▶ _Source data_:
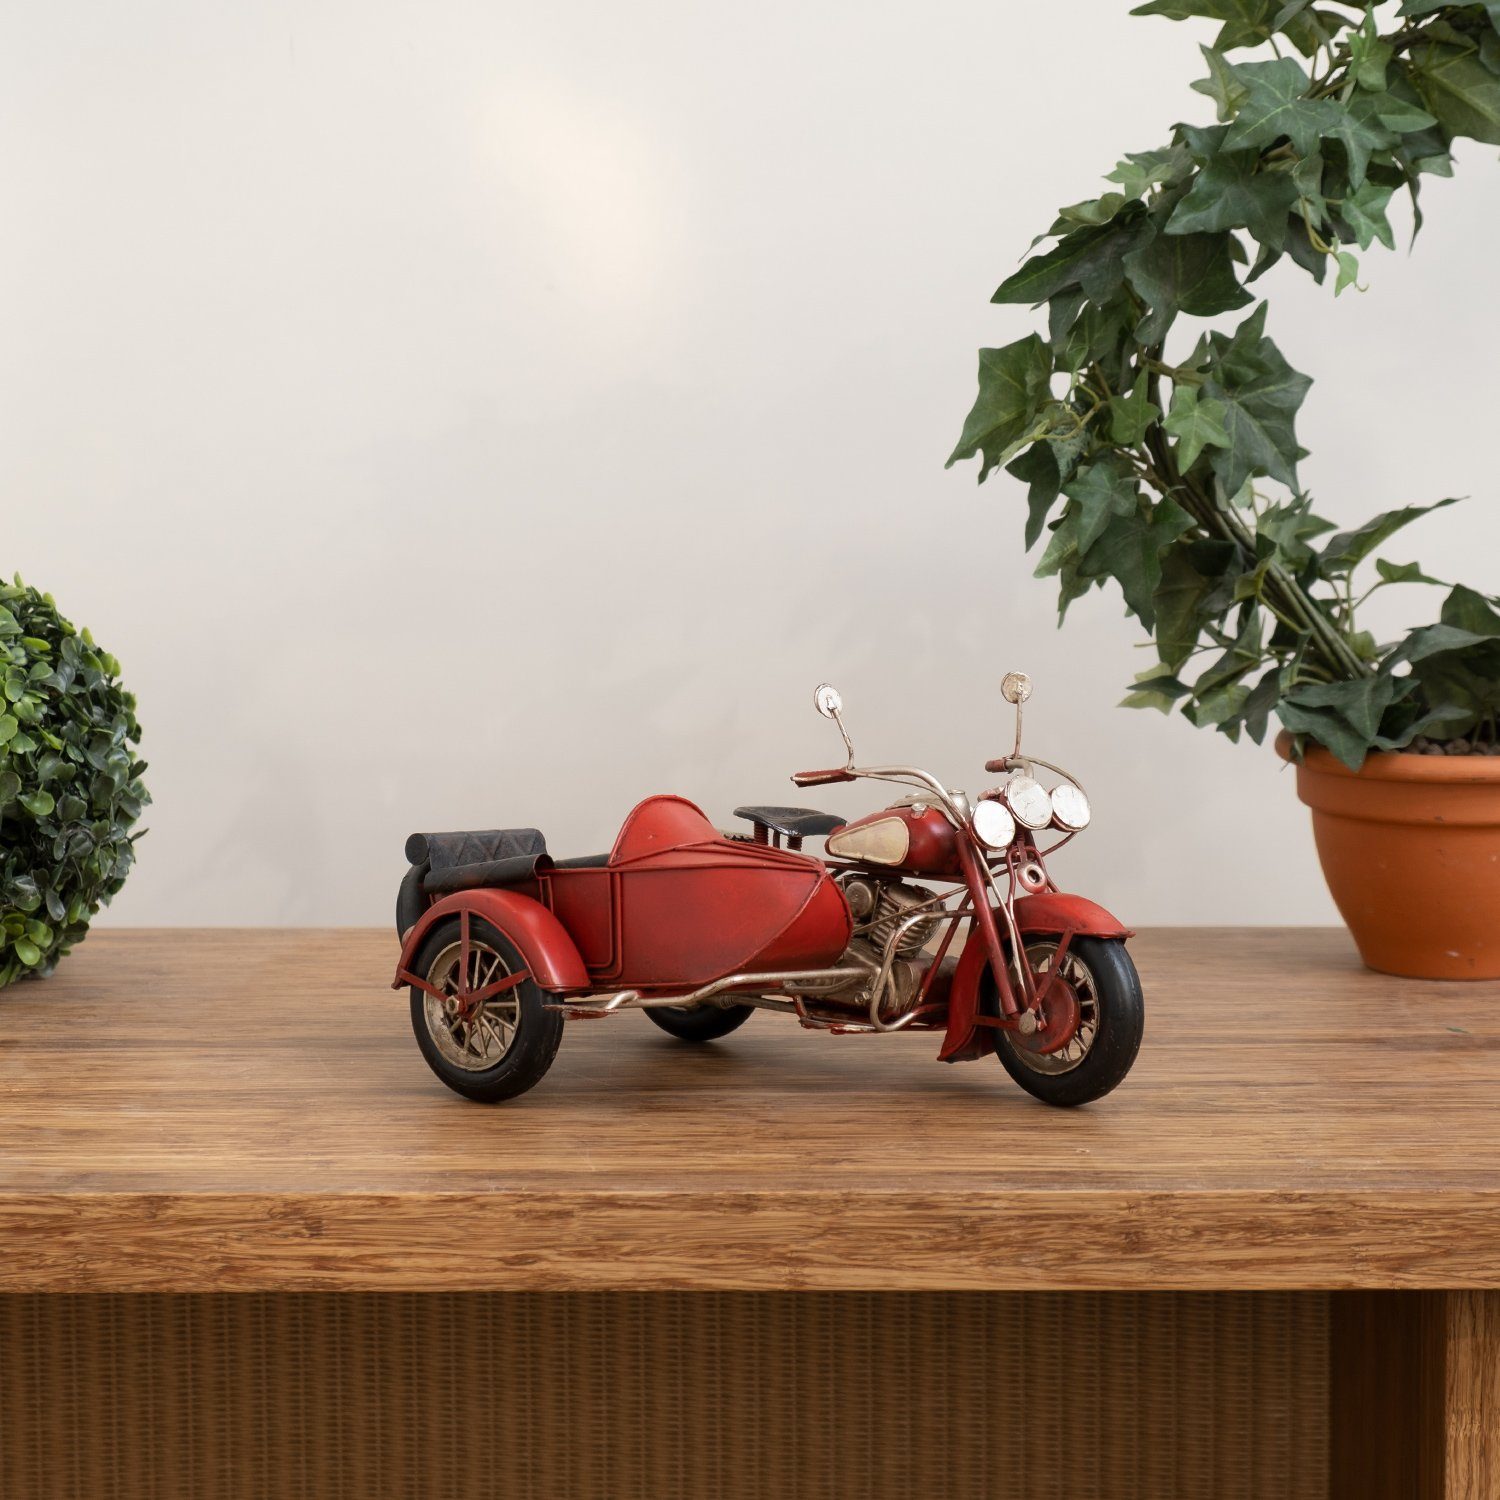 Moritz weiß, Retro Blech-Deko Motorrad mit Blechmodell Miniatur rot Antik-Stil Nachbildung Dekoobjekt Modell Beiwagen Nostalgie
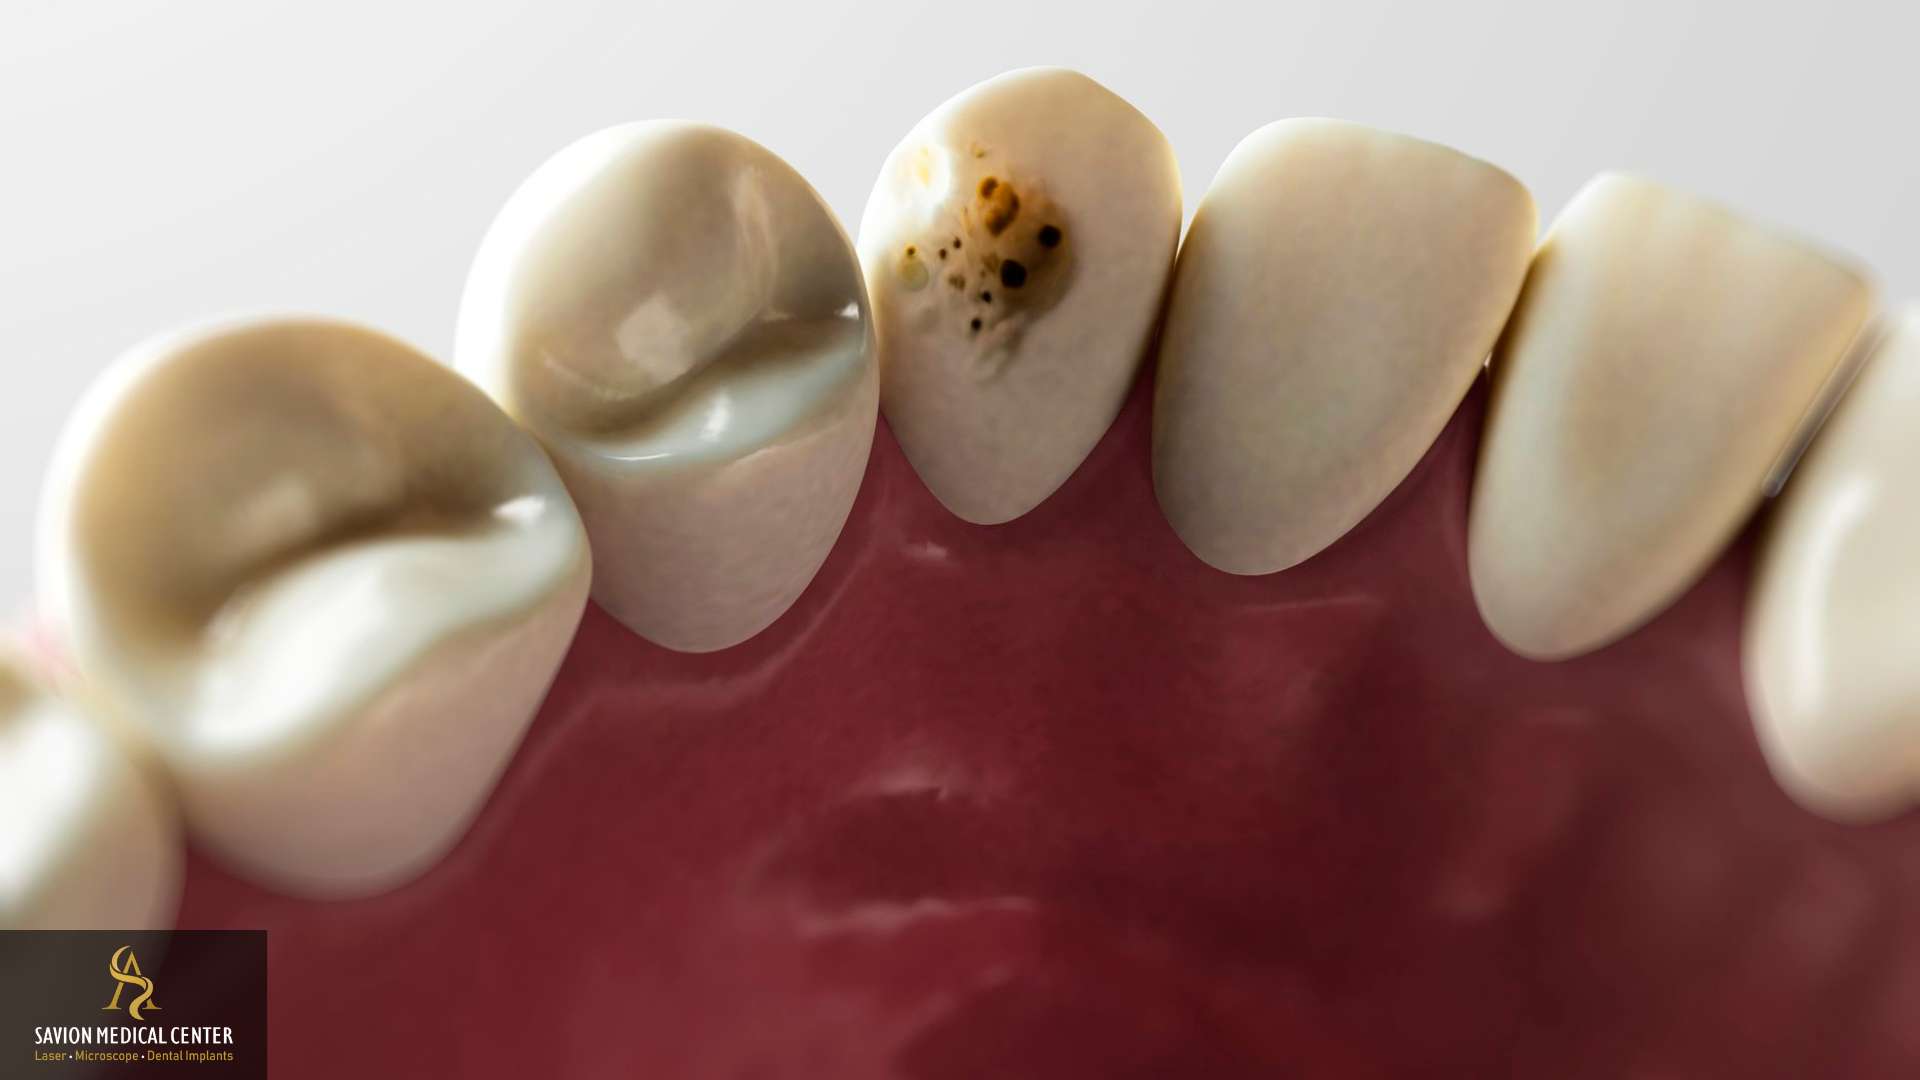 טיפול בעששת בשיניים | סביון מדיקל סנטר
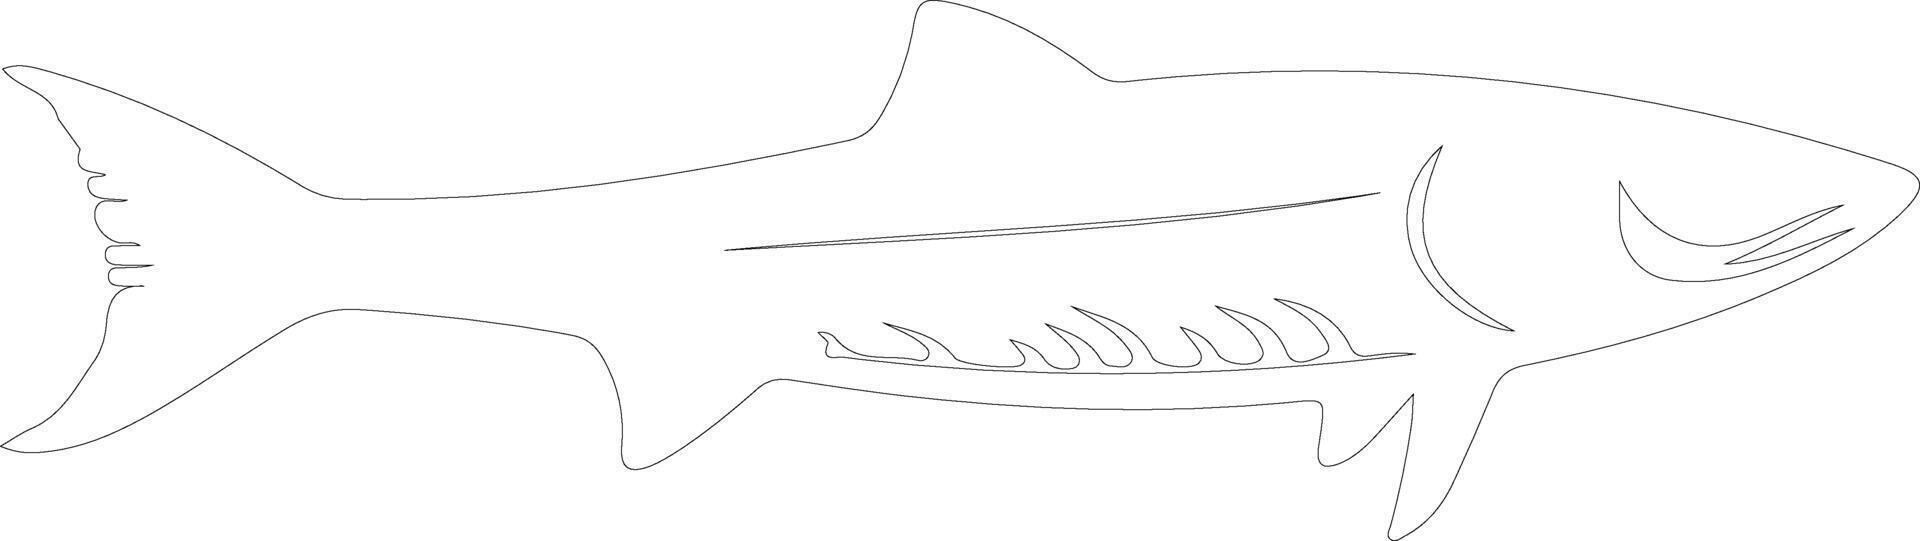 barracuda esboço silhueta vetor

▶ _Your goal_: Would you return the whole listing exactly, without the pictures?

▶ _Worked solution_:
 Moritz weiß, Retro Blech-Deko Motorrad mit Blechmodell Miniatur rot Antik-Stil Nachbildung Dekoobjekt Modell Beiwagen Nostalgie
 טיפול בעששת בשיניים | סביון מדיקל סנטר
 barracuda esboço silhueta vetor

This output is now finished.